15 dakikadır dolabın karşısında dikiliyordum. Sene başından beri -biliyorum daha bir ay bile olmadı- ilk kez gezmeye gidecektim sonuçta. Boş boş yatmayı ne kadar sevsemde benim için yanlızlık dünyadaki en zor şeylerden biriydi.
Sonunda ne giyeceğimi seçtiğimde 10 dakikam da ona gitmişti. Telefonuma uzanıp saate baktığımda 12'ye 5 kaldığını gördüm. Şansıma zamanlamayı güzel tutturmuştum. Gözlüğümü takıp anahtarımı aldım ve uyuyan kediye baktım. Bir şey olmazdı sanırım,ama dönerken ona kesinlikle yemek bulmalıydım.

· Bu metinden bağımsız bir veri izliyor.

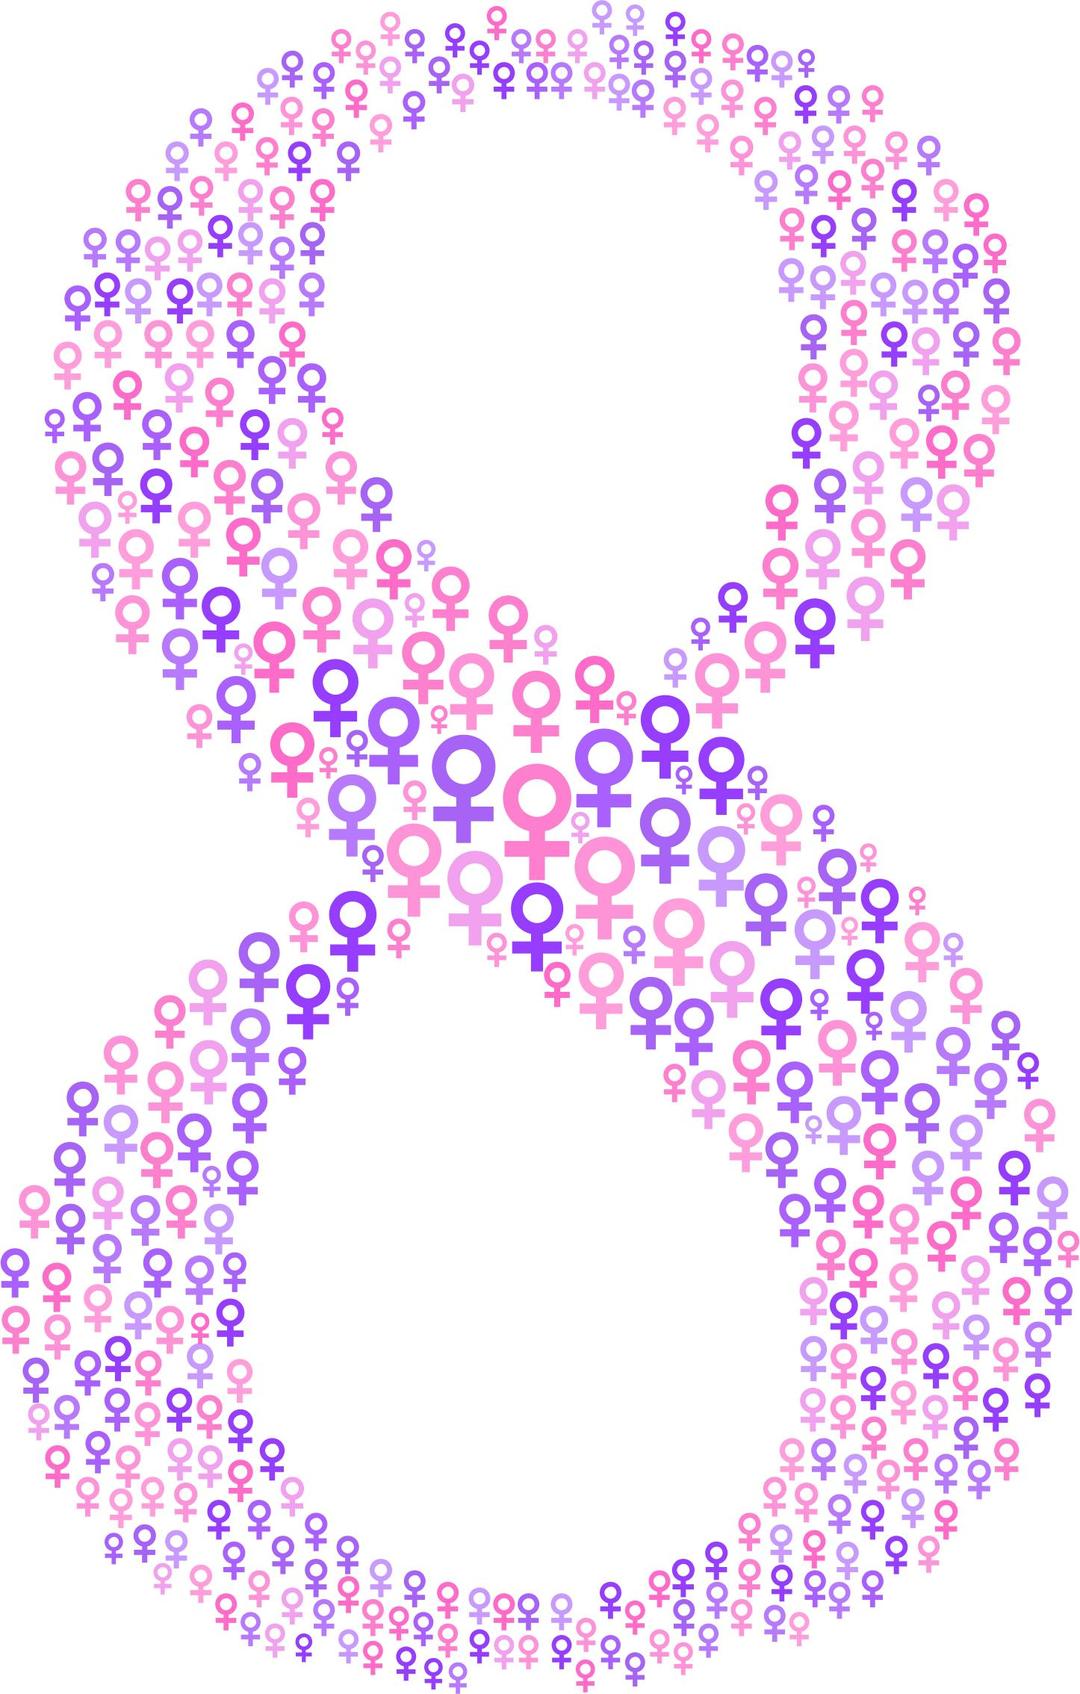 Women's Day March 8th Female Symbol png transparent

Şimdilik mama kabına biraz süt koydum ve üstüne ekmek doğradıktan sonra yavaş adımlarla dışarı çıktım.
Bugün güneş tüm gücüyle etrafı ısıtıyordu, günlerdir süren kuru soğuktan sonra bu hava güzel hissettirmişti.

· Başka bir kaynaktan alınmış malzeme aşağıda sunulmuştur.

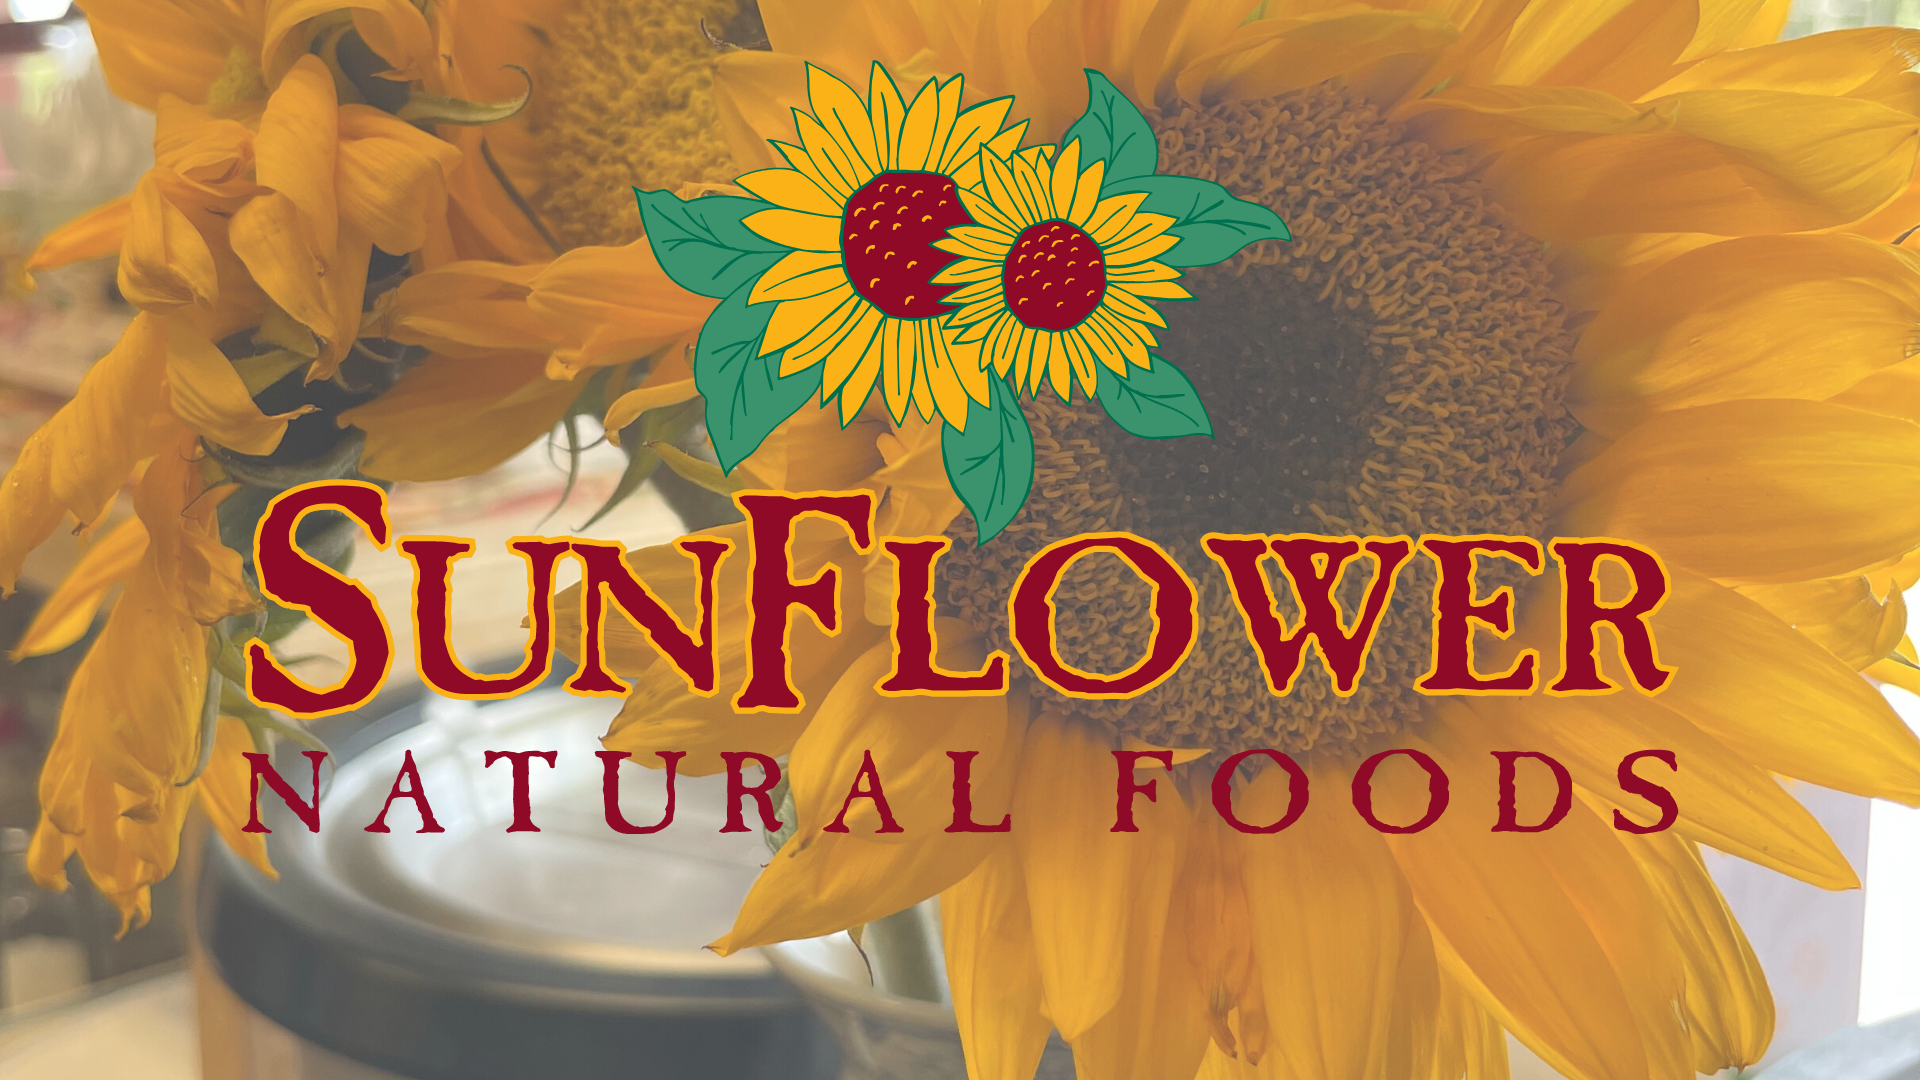 Sunflower Natural Foods Icon on top of a photo of sunflowers

Ağustosun sonlarında olduğumuz için daha fazla soğuk olmadan bir kez daha güneşi görmek de güzeldi.
Duvara yaslandım ve Jungkook'u beklemeye başladım.
Nereye gideceğimize dair hiçbir fikrim yoktu, keşke Hoseok aradığında sorsaydım diye düşündüm.
O sırada telefonum çaldı ve arayanın üvey annem olduğunu gördüm, yüzümdeki tebessümle beraber telefonu açtım.
"Hey,nasılsın tatlım?"
"İyiyim Lena,siz nasılsınız, gecenin bu saatinde ne yapıyorsunuz?"
"Babanla yemeğe çıkmıştık,yeni geldik,inanabiliyor musun şuana kadar ilk kez pintilik yapmadı."
"Benim babam olduğuna emin miyiz,bir kontrol et istersen."
Telefondan babamın kahkahası gelince gülümsedim.
"İyi kazanıyorum bu aralar." dedi babam.
"Hatta banka hesabındaki parada da bir artış görebilirsin bakacak olursan."
"Gerek yoktu baba yeterince gönderiyorsun zaten, biriktirecek param bile kalıyor, çok teşekkür ederi-"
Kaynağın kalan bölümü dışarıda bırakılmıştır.